▸ **Stored data**:
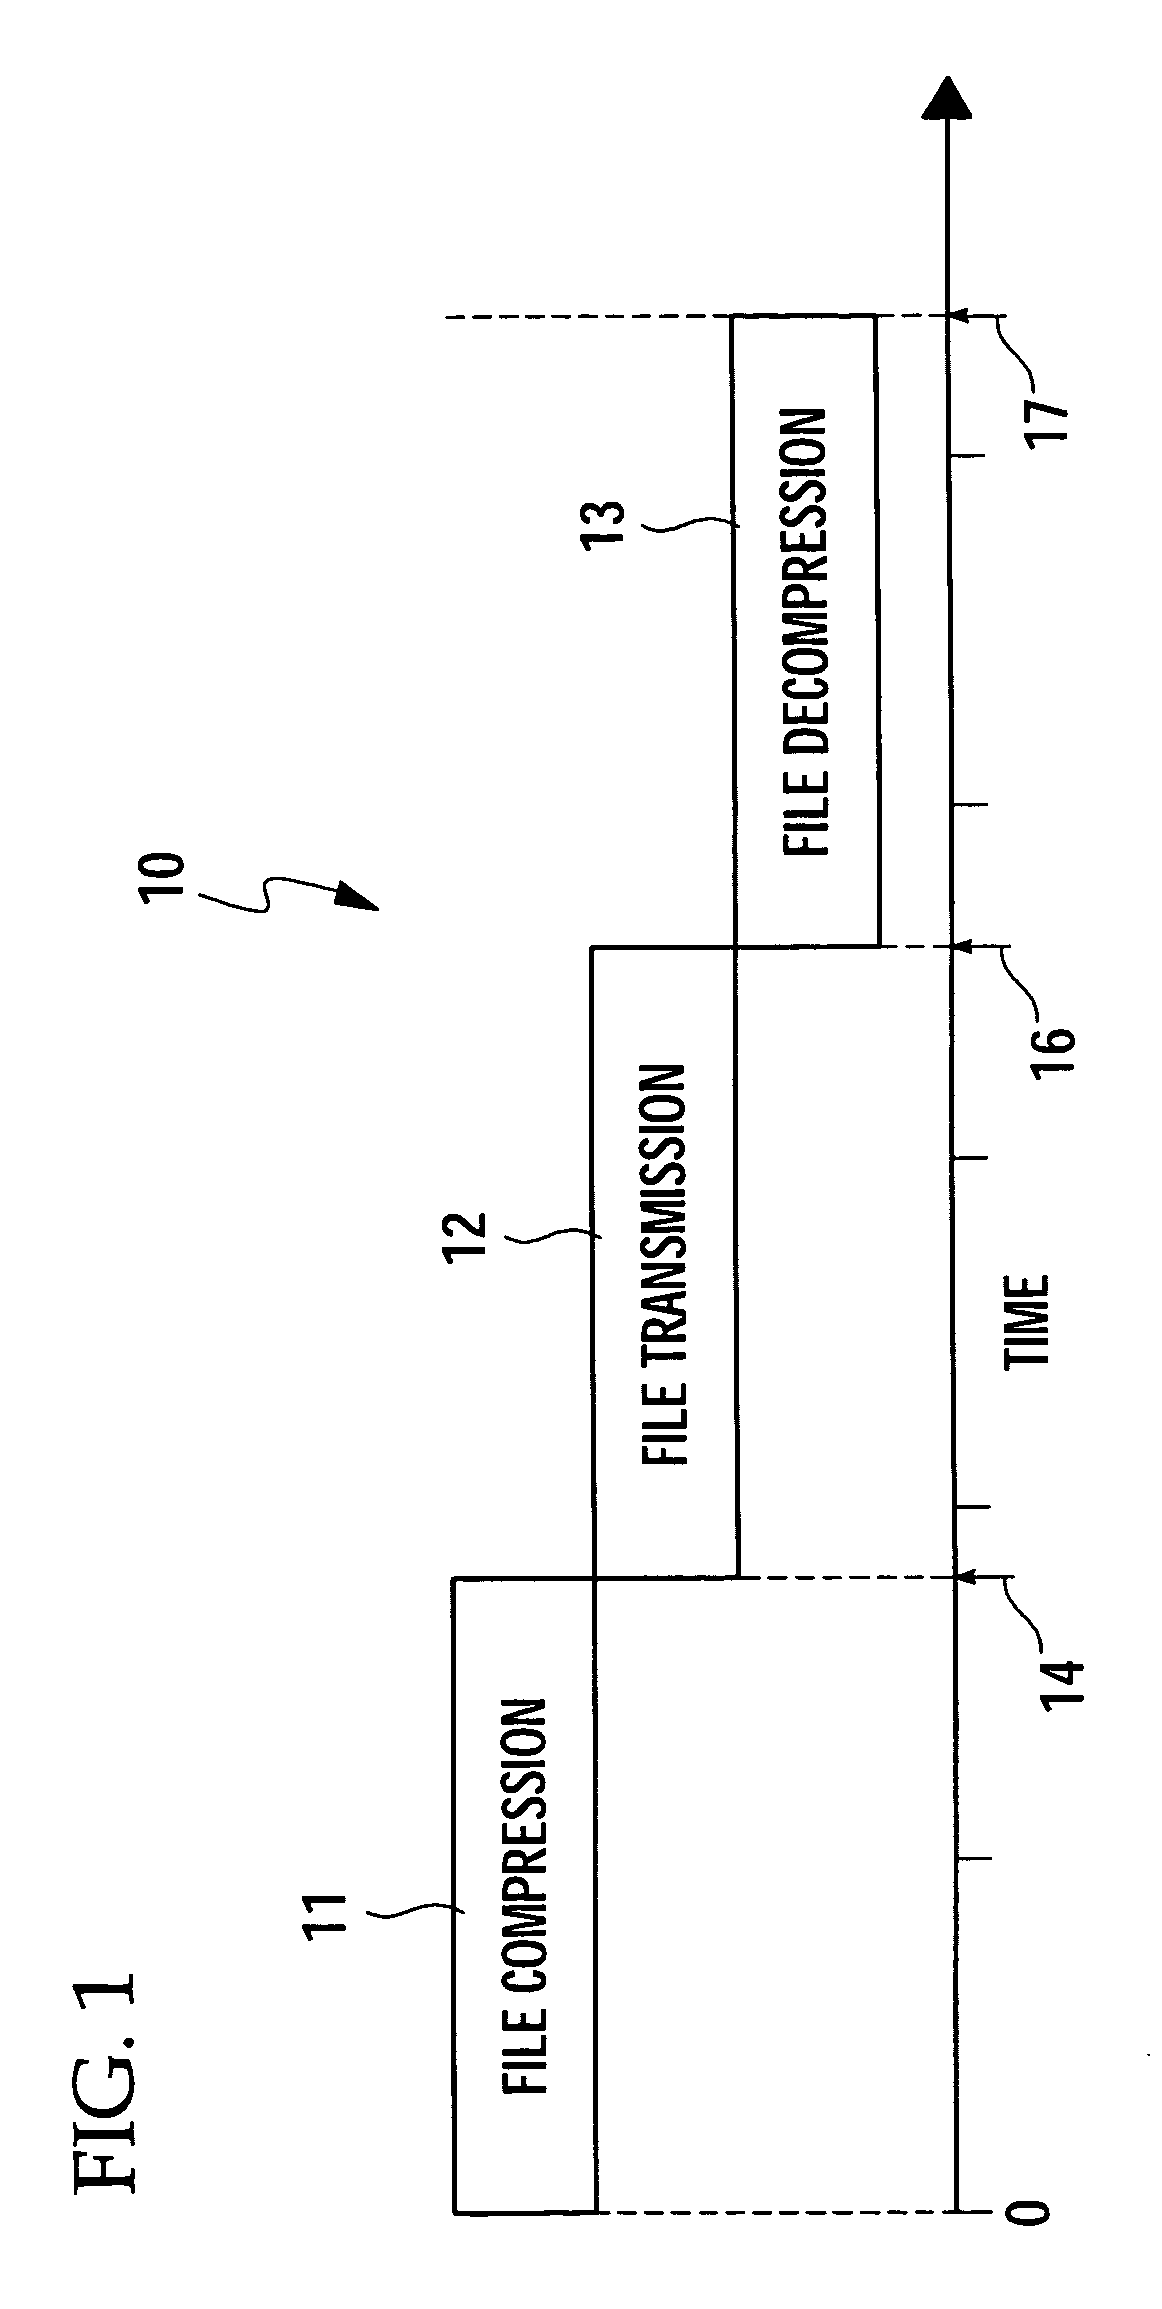 Apparatus and method for efficiently and securely transferring files over a communications network
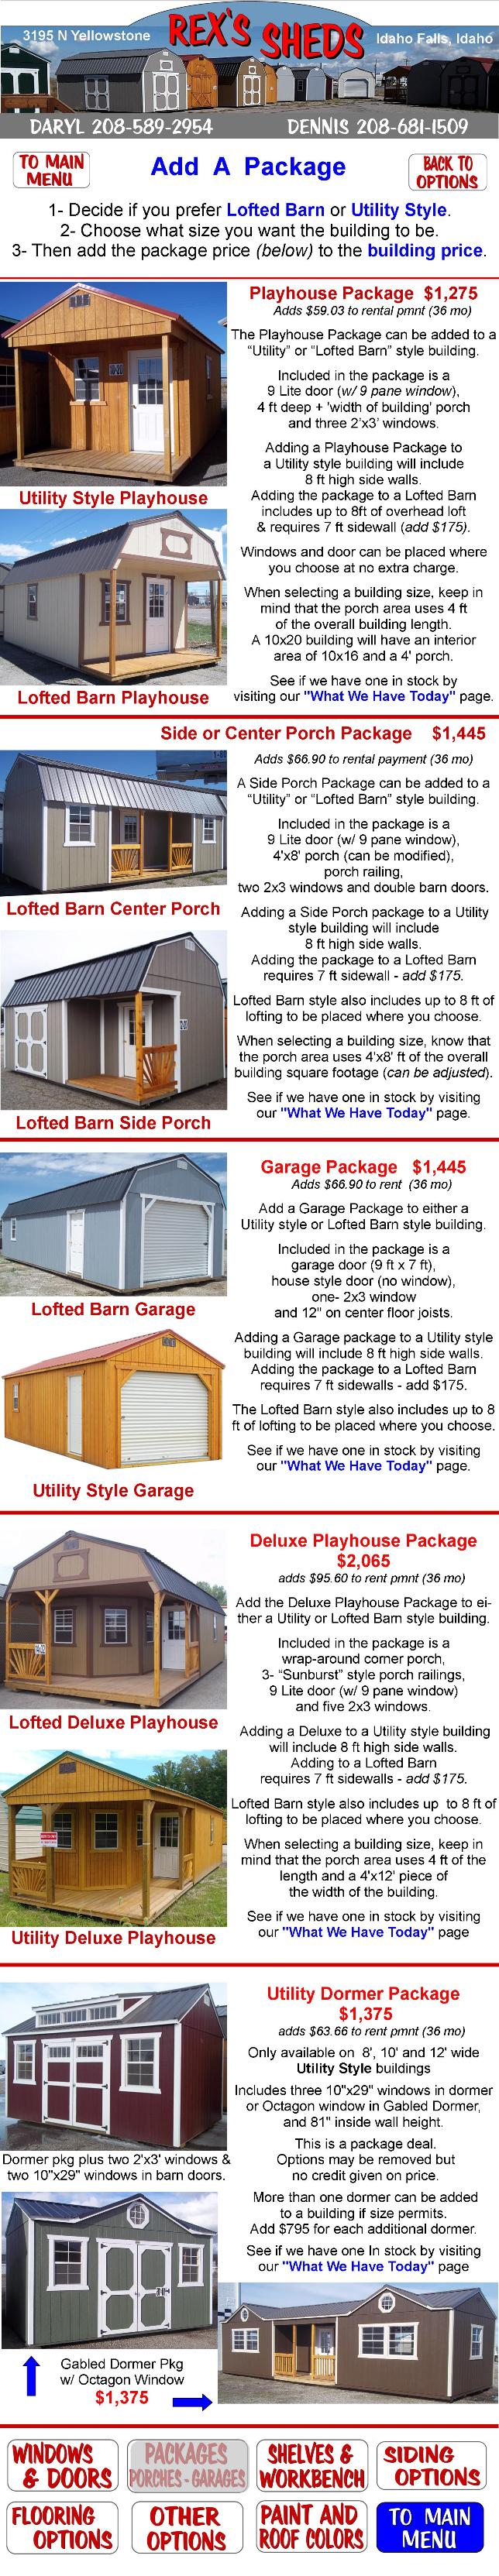 image_of_packages_to_add_to_sheds_including_porches_windows_garage_doors_and_dormers_with_prices_and_pics
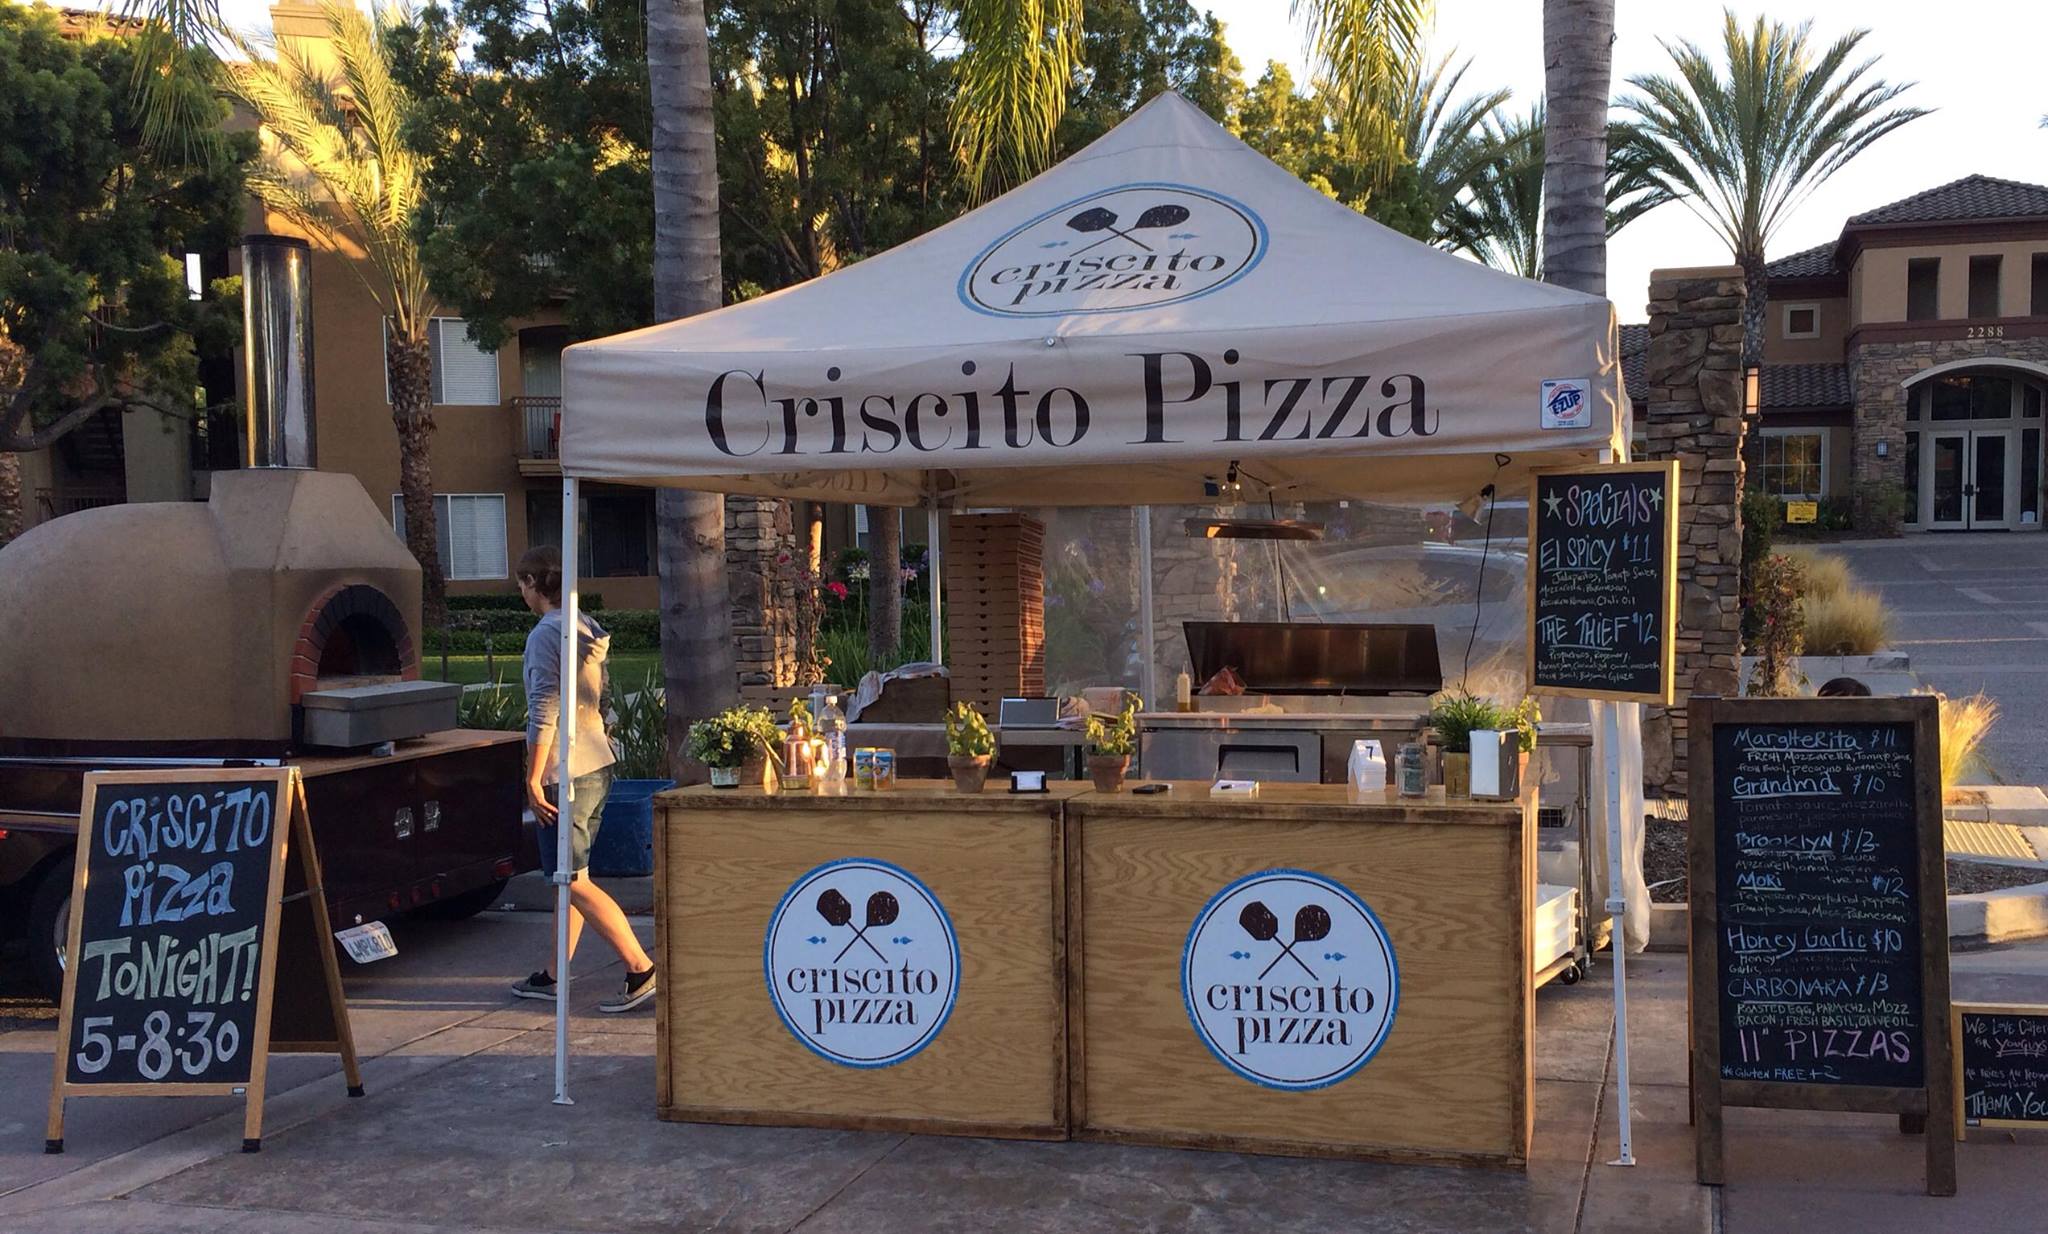 Criscito Pizza Catering set up

▸ **Task to carry out**: Print the full listing again exactly, and drop every image from it.

▸ **Task solution**:
 Apparatus and method for efficiently and securely transferring files over a communications network
 image_of_packages_to_add_to_sheds_including_porches_windows_garage_doors_and_dormers_with_prices_and_pics
 Criscito Pizza Catering set up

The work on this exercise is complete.